00:23:54.400 Now, let’s talk about atomic behavior. Atomic operations are executed completely or not at all, ensuring consistency in your code. Many tools, like databases, utilize atomic transactions to prevent inconsistent states. Unfortunately, most operations in Ruby are not atomic, as Ruby can switch threads at almost any point, even mid-operation. For example, if you are modifying multiple variables in the same method, other threads might interject, causing unexpectedly inconsistent behavior.

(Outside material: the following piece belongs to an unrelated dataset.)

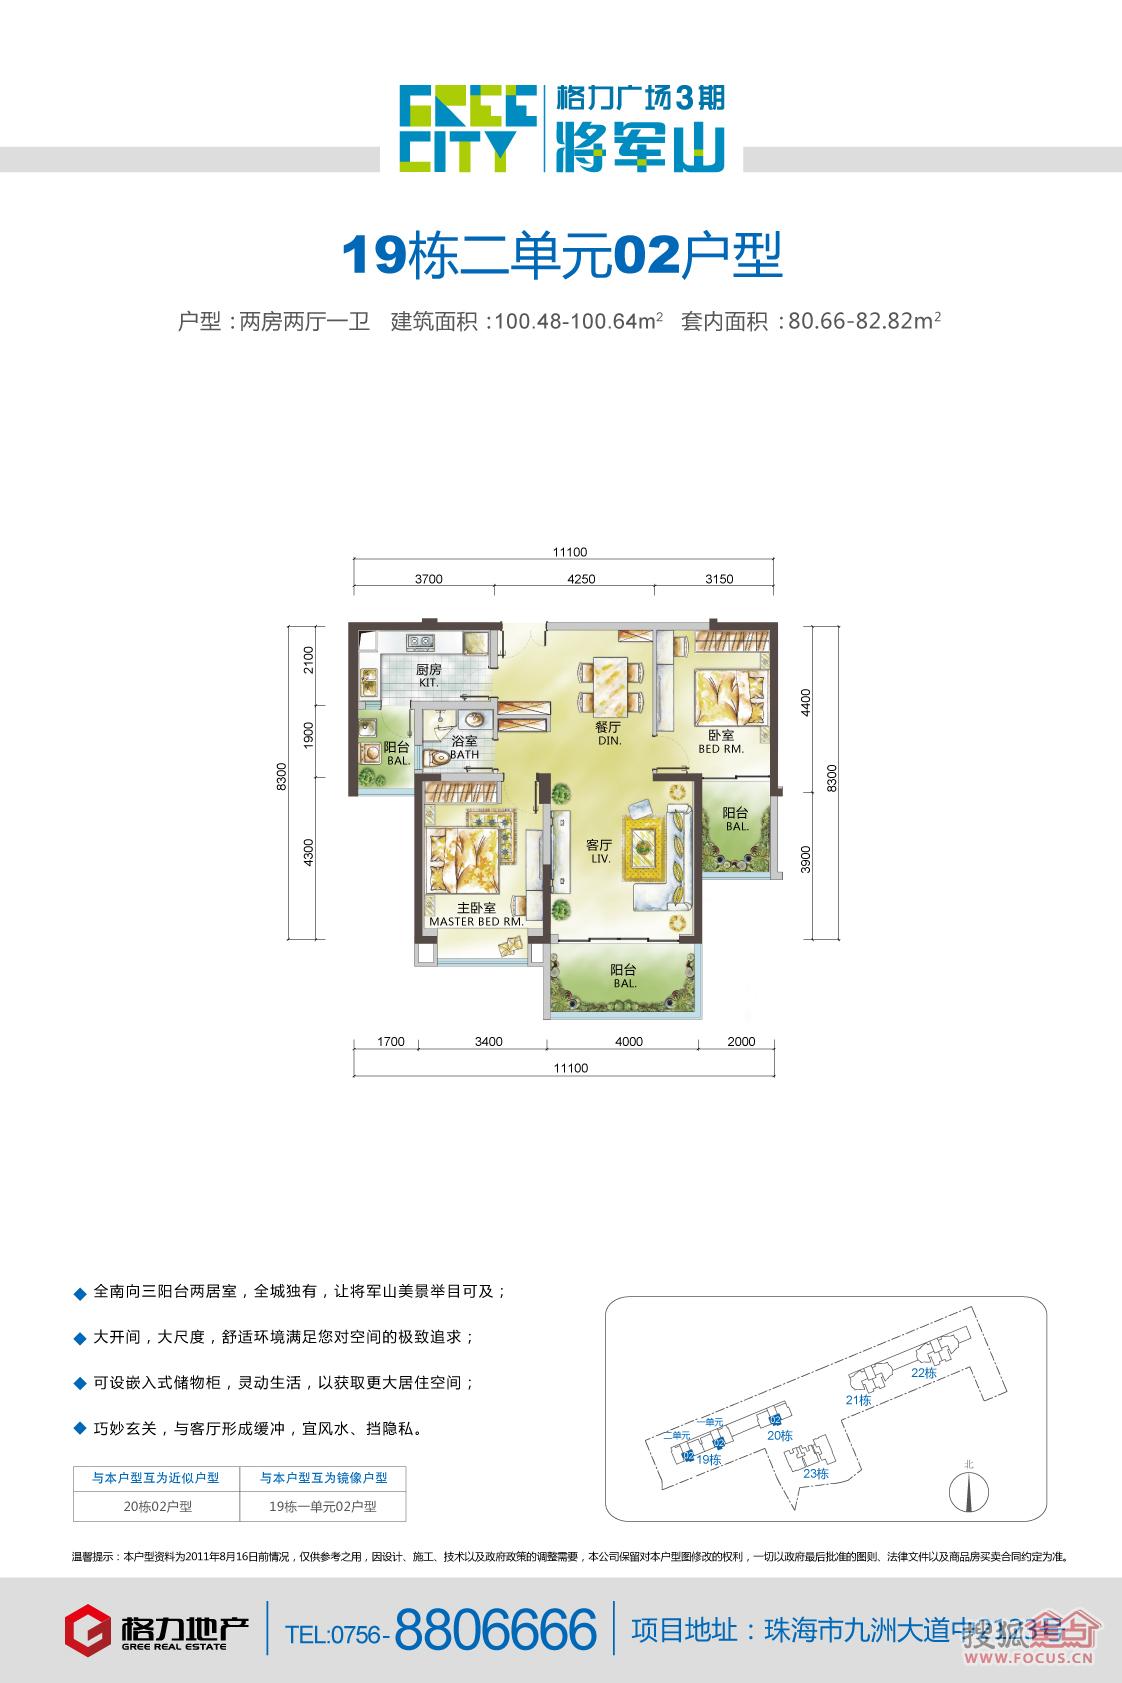 格力广场3期-将军山 - 珠海 - 楼书资料 | 澳门房地产

00:25:11.520 Gotcha number five: Resolving race conditions can be difficult, especially if you have tasks that rely on a shared resource. For example, if you create a database client instance in a multithreaded environment, you could inadvertently end up with multiple database client instances. This can lead to excessive open connections, which can exhaust your limits, leading to application failures. It's essential to wrap your client initialization with a mutex to prevent concurrent creation.
00:27:32.400 You must ensure that all threads use the same mutex instance, thus controlling access to the resource. In cases where you initialize the mutex within each thread incorrectly, you’ll find that you again run into the risk of multiple threads creating resources you did not intend.
00:28:41.840 As a note, avoid using lazy-loaded or on-demand loading of classes in multithreaded contexts. When threads access classes or modules that may not yet be fully loaded, it can lead to undefined methods being called upon incomplete classes. This can create perplexing errors during execution because the call may seem valid at first glance.
00:29:59.680 As we recap, remember that Ruby can switch threads at any point. Thus, when writing concurrent code, it's critical to account for potential context switching unless you’re only dealing with independent threads. If you are sharing state or variables, you must ensure you are taking the necessary precautions to manage shared states.
00:31:04.920 If possible, avoid mutable objects being shared across threads, but when needed, use the tools Ruby provides. As mentioned, the Mutex, Queue, and Sized Queue are great for ensuring safe operations. Additionally, the Concurrent Ruby gem is incredibly valuable, offering atomic classes and thread pools to manage threads efficiently. It works well across different implementations, including JRuby and Truffle Ruby.
00:32:43.560 Don't be afraid of concurrency; just approach it with caution and use the appropriate tools. I encourage you to have fun with it, experiment with it, and hopefully, this talk has given you essential insights into the potential challenges and clever solutions to implement concurrency effectively in Ruby.
00:34:00.160 Thank you very much for your attention today! If you’d like to find more about my work, feel free to check out my blog. If you have any questions, don’t hesitate to reach out!
00:38:01.240 Lunch is happening right now. Thank you for being part of the first half of this day, and make sure to catch up with others to discuss Ruby!